Determine how image transformations affect the overall performance of the algorithms.

Guide the selection of the best method for a given application based on speed and accuracy (including experiments).

Basic Architecture

A query image is the image supplied by the user. The similarity block searches the dataset for images that are similar to the query and computes a similarity score (see Figure 1).

Duplicate Finder vs. CBIR

The main difference is that a duplicate/near‑duplicate finder only detects identical or almost identical images (Figure 2), whereas a CBIR system searches for visually similar regions and returns images that best match those regions (Figure 3).

Five Common Methods for Comparing Similar Images

1. Euclidean Distance

Euclidean distance is the straight‑line distance between two points in a plane (also called L2 norm) [8]. Images are represented as vectors; the distance between two image vectors x and y is computed using the standard formula.

Implementation in Python (using SciPy):

import numpy as np
from scipy.spatial import distance
from PIL import Image

image1 = Image.open("path/to/image")
image2 = Image.open("path/to/image")
# Note: images have to be of equal size
value = distance.euclidean(np.array(image1).flatten(), np.array(image2).flatten())

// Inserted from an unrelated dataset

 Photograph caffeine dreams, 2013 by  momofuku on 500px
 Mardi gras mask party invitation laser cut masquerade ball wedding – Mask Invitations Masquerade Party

Implementation using NumPy's linalg.norm:

import numpy as np
from PIL import Image

image1 = Image.open("path/to/image")
image2 = Image.open("path/to/image")
# Note: images have to be of equal size
value = np.linalg.norm(np.array(image1) - np.array(image2))

2. Structural Similarity Index (SSIM)

The SSIM metric was introduced in the paper "Image Quality Assessment: From Error Visibility to Structural Similarity" (Wang et al., 2004) and yields a value between 0 and 1 that measures similarity between two images.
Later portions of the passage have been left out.